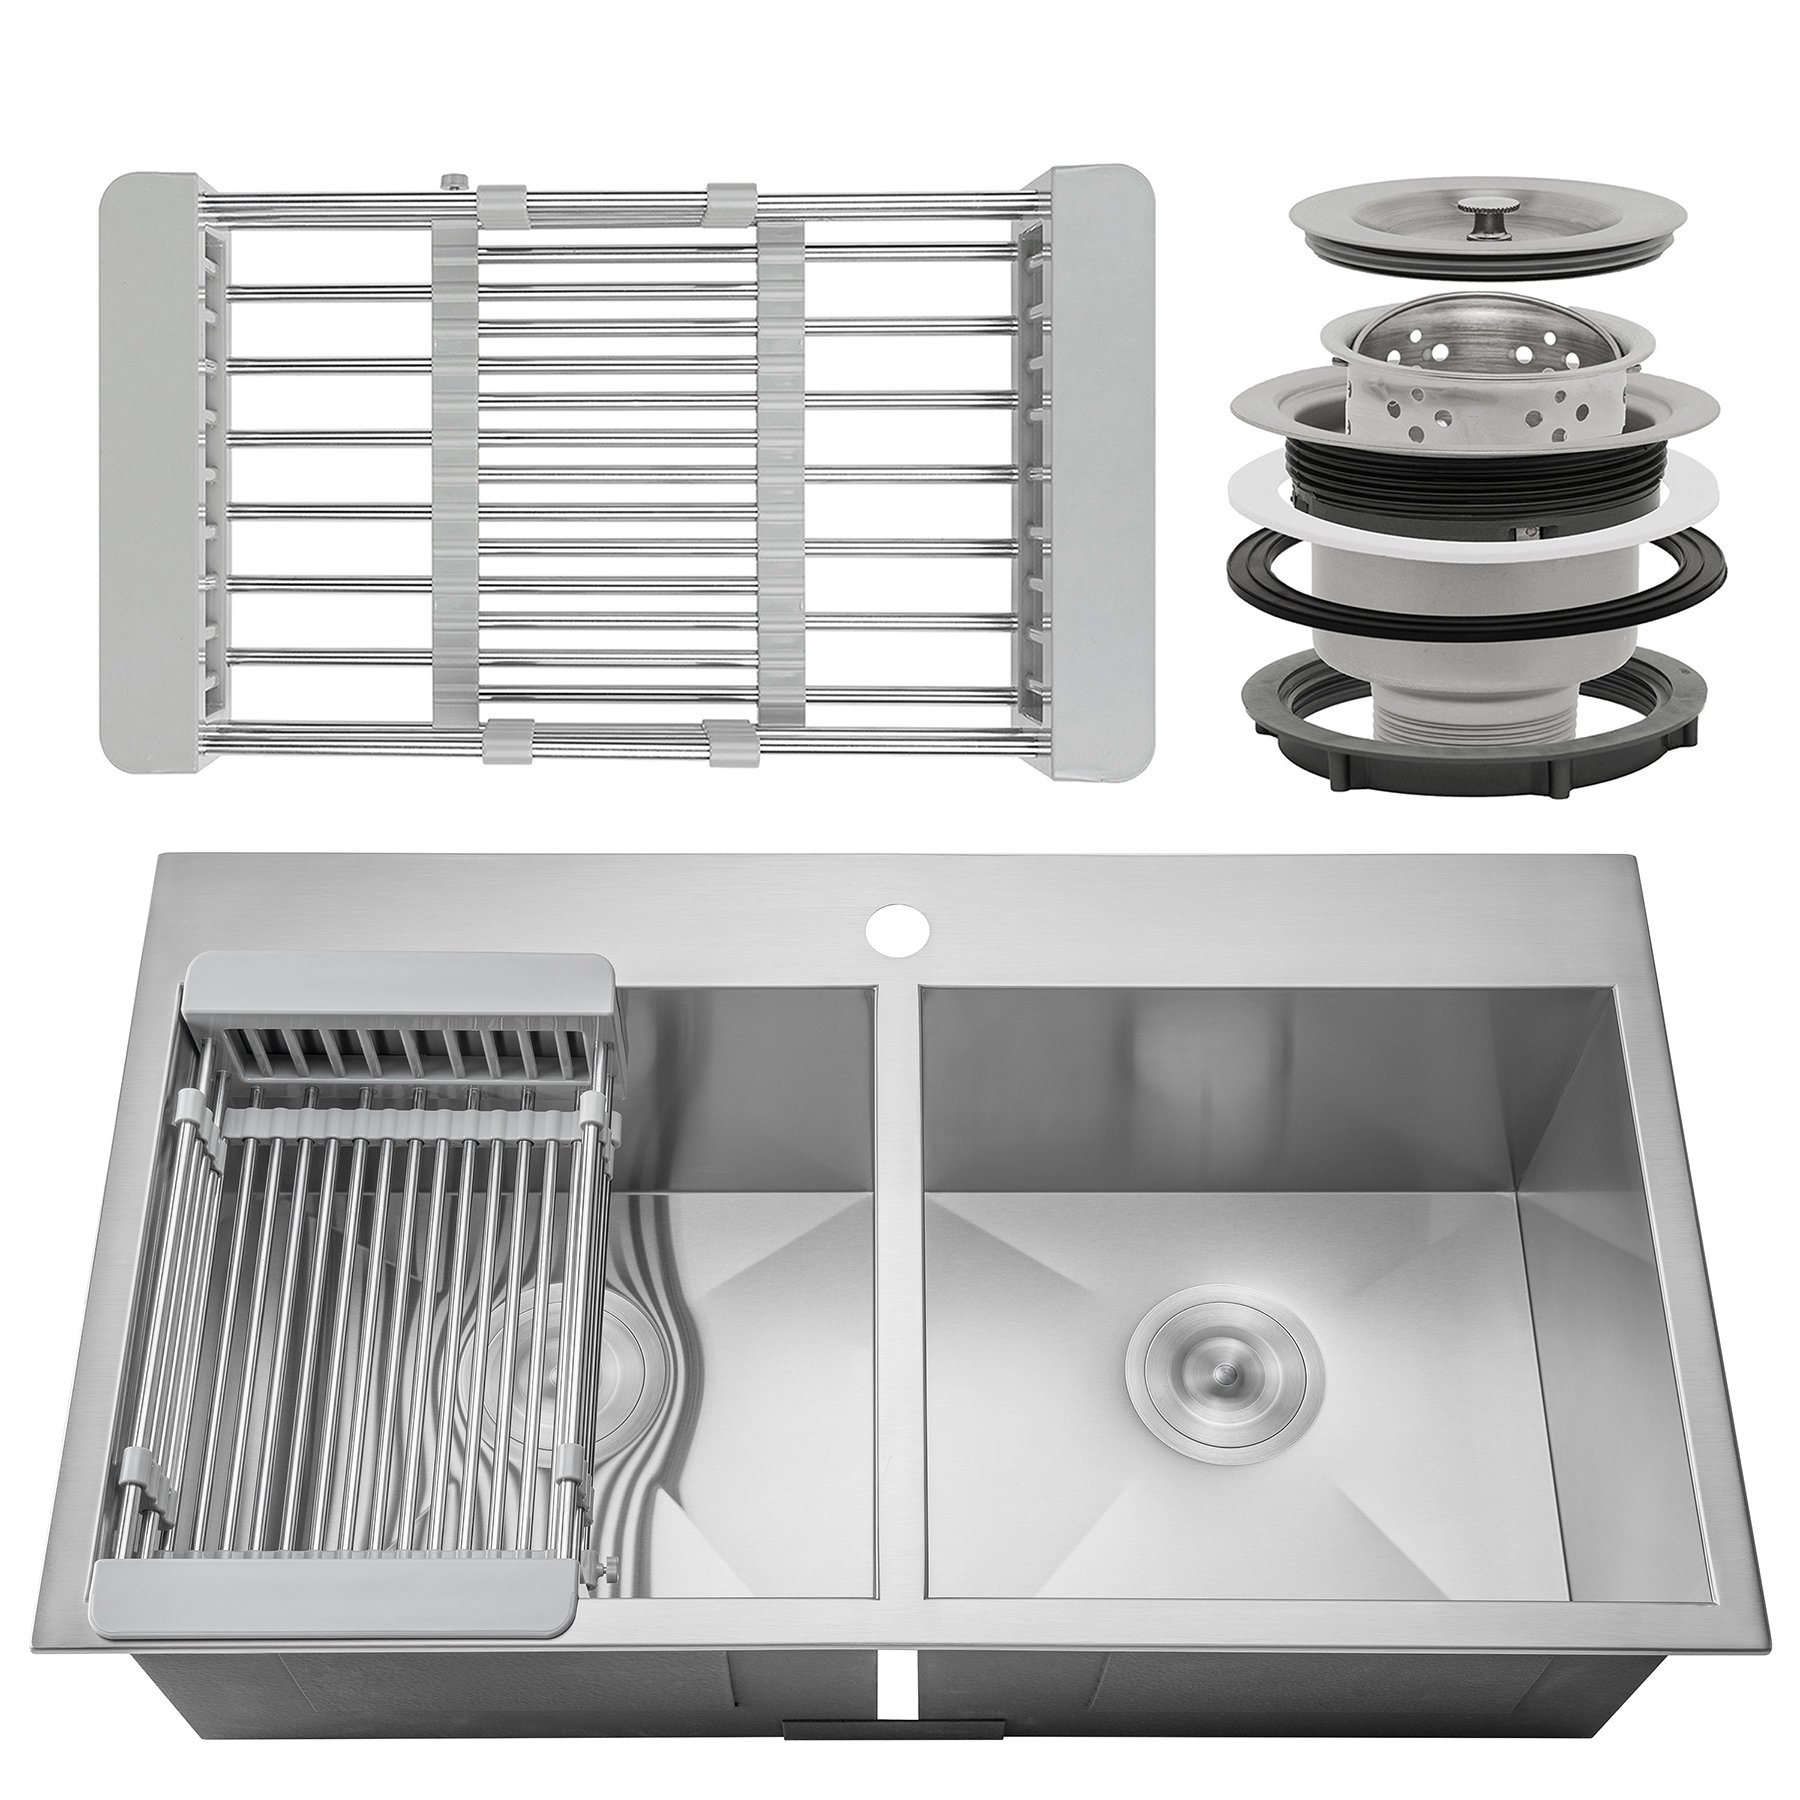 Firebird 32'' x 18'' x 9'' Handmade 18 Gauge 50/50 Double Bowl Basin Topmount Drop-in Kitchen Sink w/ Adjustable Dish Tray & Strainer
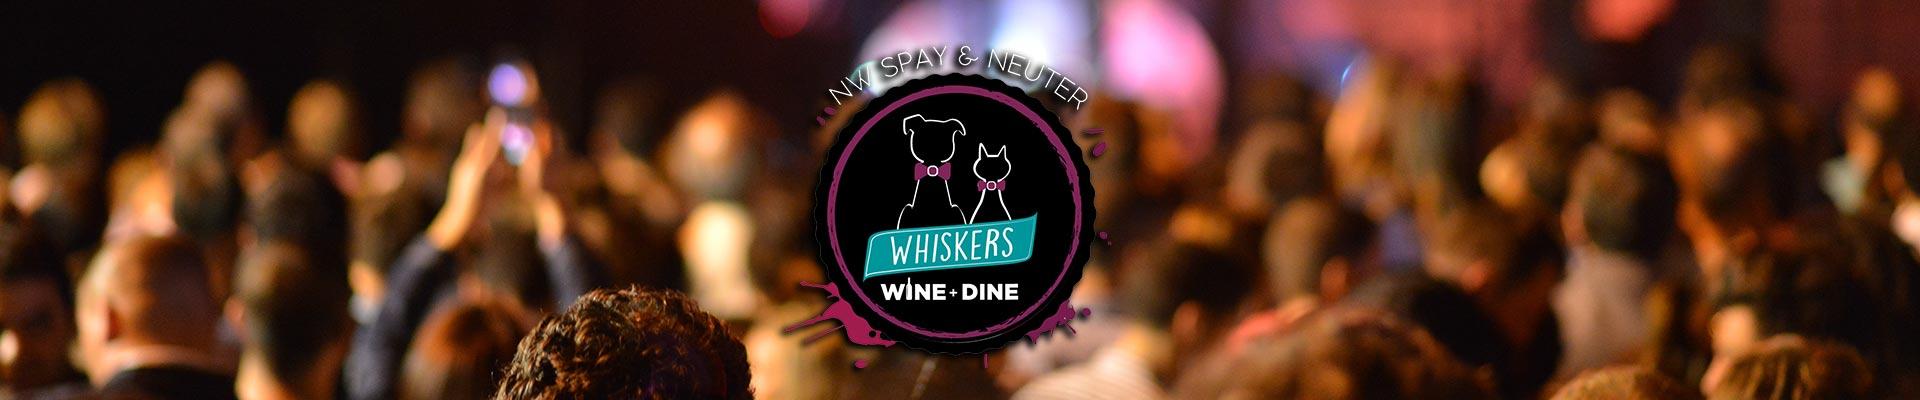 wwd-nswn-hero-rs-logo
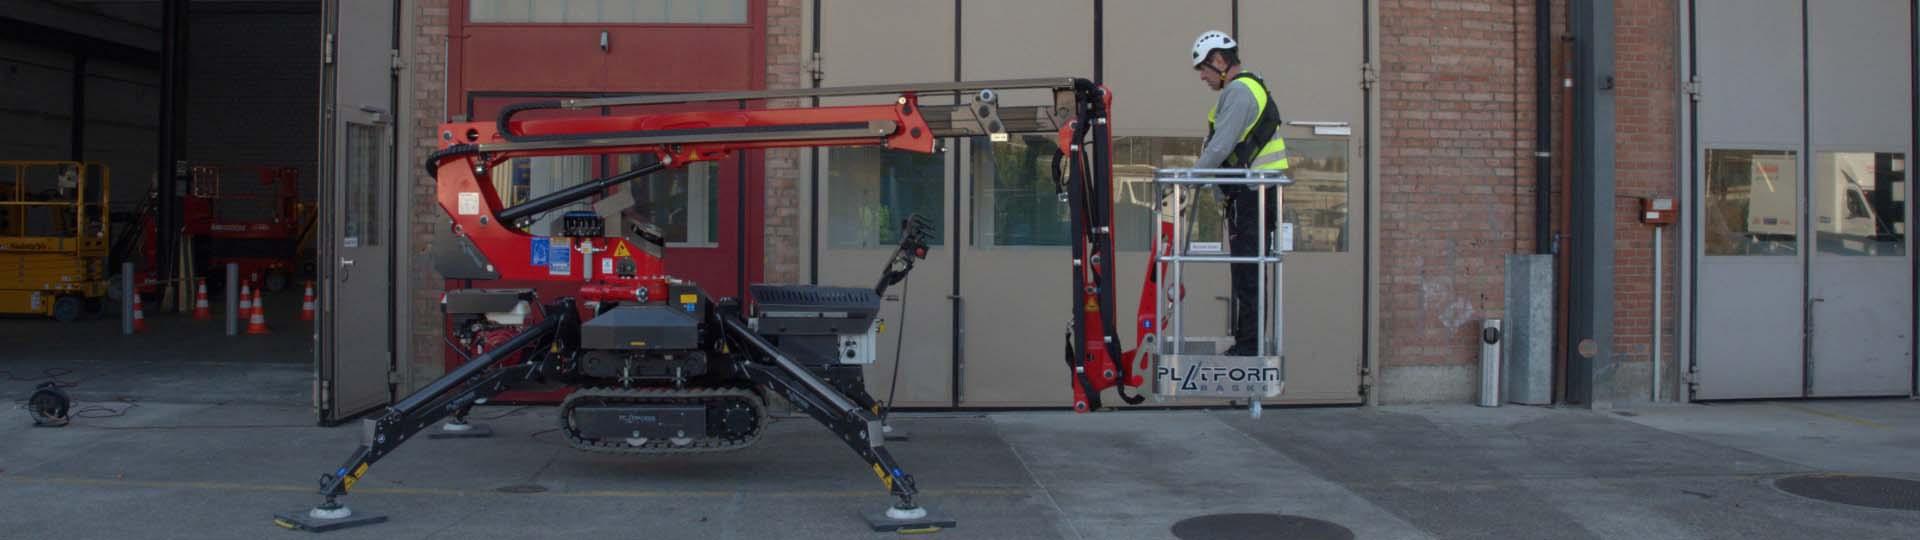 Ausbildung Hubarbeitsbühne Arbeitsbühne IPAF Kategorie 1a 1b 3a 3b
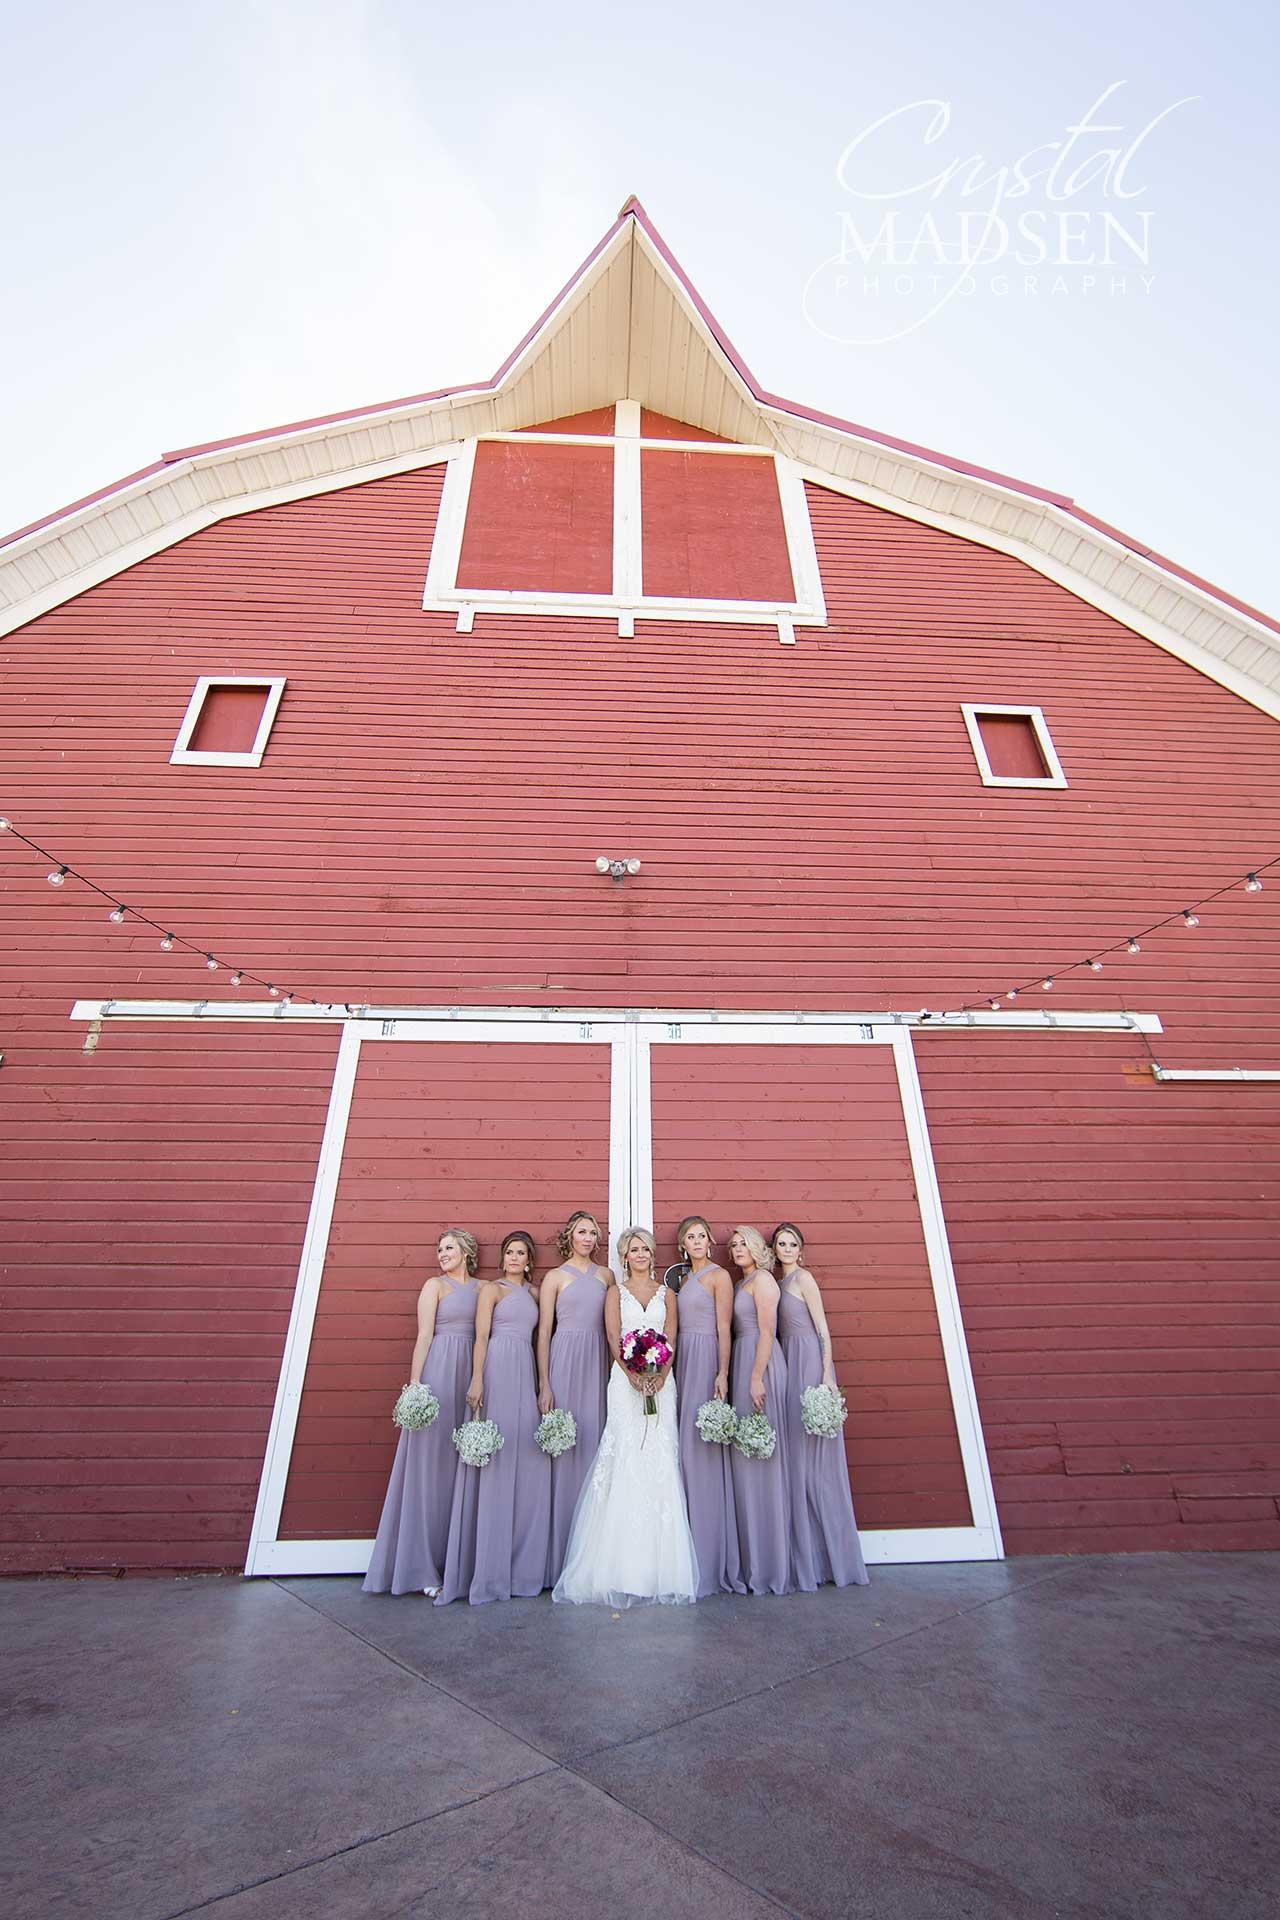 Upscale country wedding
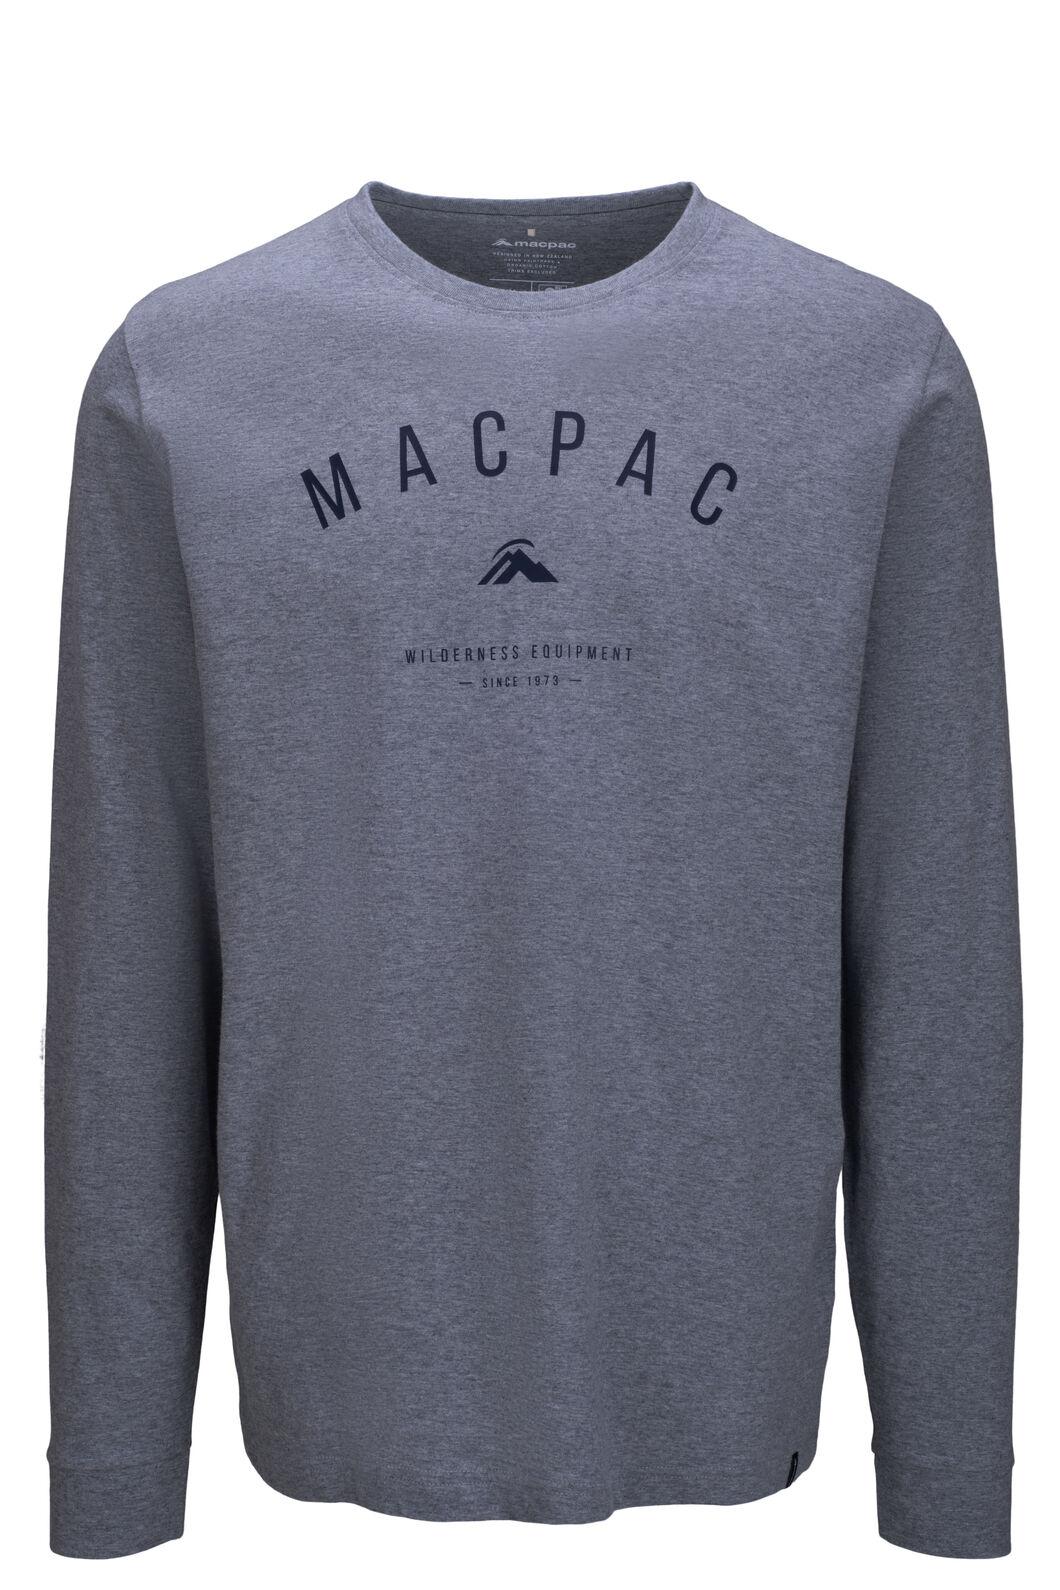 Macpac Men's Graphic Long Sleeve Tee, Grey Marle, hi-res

- _Task_
Repeat all the records exactly, images excluded.

- _Task response_
 Firebird 32'' x 18'' x 9'' Handmade 18 Gauge 50/50 Double Bowl Basin Topmount Drop-in Kitchen Sink w/ Adjustable Dish Tray & Strainer
 wwd-nswn-hero-rs-logo
 Ausbildung Hubarbeitsbühne Arbeitsbühne IPAF Kategorie 1a 1b 3a 3b
 Upscale country wedding
 Macpac Men's Graphic Long Sleeve Tee, Grey Marle, hi-res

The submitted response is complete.